Hard drive/SSD failures
Missing drives from two or more nodes
Drives from two or more different nodes (fault sets) in the cluster are missing; or from a single node/fault set for systems with dual replication pools.
In this case multiple volumes may either experience degraded performance (hybrid placement) or will be in down state when more than two replicas are missing.
All operations on volumes in down state are stalled, until the redundancy is restored (i.e. at least one replica is available).
The recommended steps are to immediately check for the reasons for the missing drives/services/nodes and return them into the cluster as soon as possible.
Some of the drives are more than 97% full
At some point all cluster operations will stall until either some of the data in the cluster is deleted (see Deleting volumes and Deleting snapshots), or new drives or nodes are added (see Storage devices and Adding nodes). Adding drives requires the new drives to be stress tested and a re-balancing of the system to include them, which should be carefully planned (see Rebalancing the cluster).
Note
Cleaning up snapshots that have multiple cloned volumes and a negative
value for used space in the output of storpool snapshot space will
not free up any space.
Some of the drives have fewer than 100k free entries
This is usually caused by a heavily overloaded system. In this state the latencies for some operations might become very high (measured in seconds). Possible reasons are:
Severely overloaded volumes for long periods of time without any configured bandwidth or iops limits.

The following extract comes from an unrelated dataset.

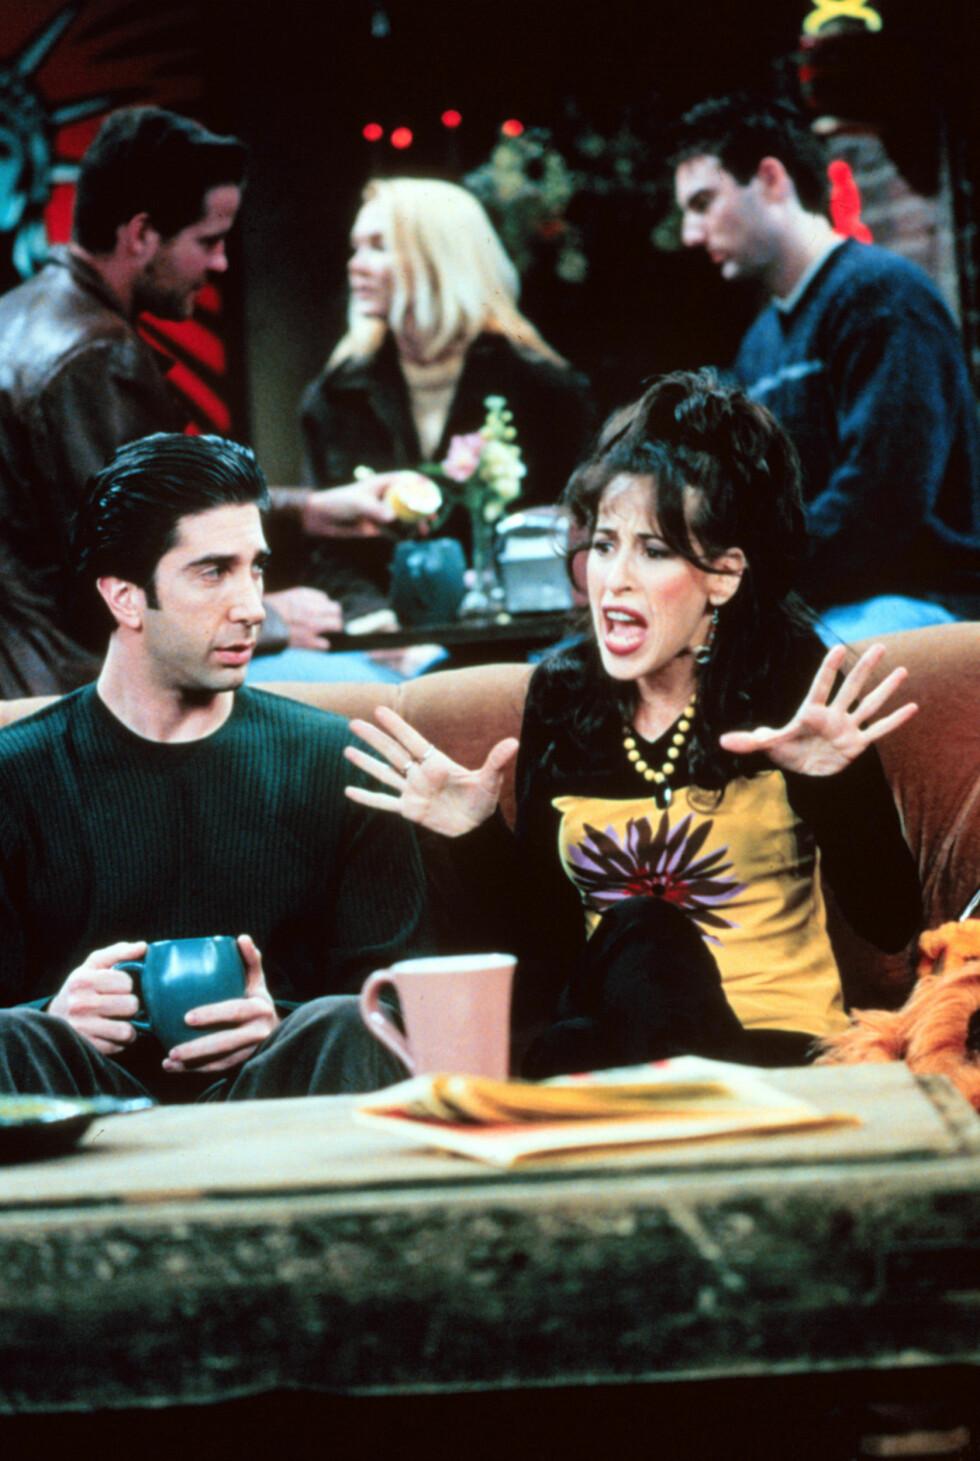 KARAKTERISTISK ROLLE: Maggie Wheelers rolle som Janice i «Friends» har tydelig ikke godt i glemmeboka for seriens trofaste fans. Her er skuespilleren avbildet med David Schwimmer, som spilte rollen som Ross.  Foto: TV2

This could be checked by using
iostatto look for volumes that are being constantly 100% loaded with a large number of requests to the storage system. Another way to check for such volumes is to use the “Top volumes” in the analytics in order to get info for the most loaded volumes and apply IOPS and or bandwidth limits accordingly.Misbehaving (under-performing) drives, or misbehaving HBA/SAS controllers.
The recommended way to deal with these cases is to investigate for such drives. A good idea is to check the output from
storpool disk list internal(see Listings disks) for higher aggregation scores on some drives or set of drives (for example, on the same server). You could also use the analytics to check for abnormal latency on some of the backend nodes, like drives with significantly higher operations latency compared to other drives of the same type. An example would be a failing controller causing the SATA speed to degrade to SATA1.0 (1.5Gb/s) instead of SATA 3.0 (6Gb/s), worn out batteries on a RAID controller when its cache is used to accelerate the writes on the HDDs, and others.
The circumstances leading a system to the critical state are rare and are usually preventable with by taking measures to handle all the issues at the first signs of a change from the normal to degraded state.
In any of the above cases if you feel that something is not as expected, a consultation with StorPool Support is the best course of action. StorPool Support receives notifications for all detailed cases and pro-actively takes actions to alleviate a system going into degraded or critical state as soon as practically possible.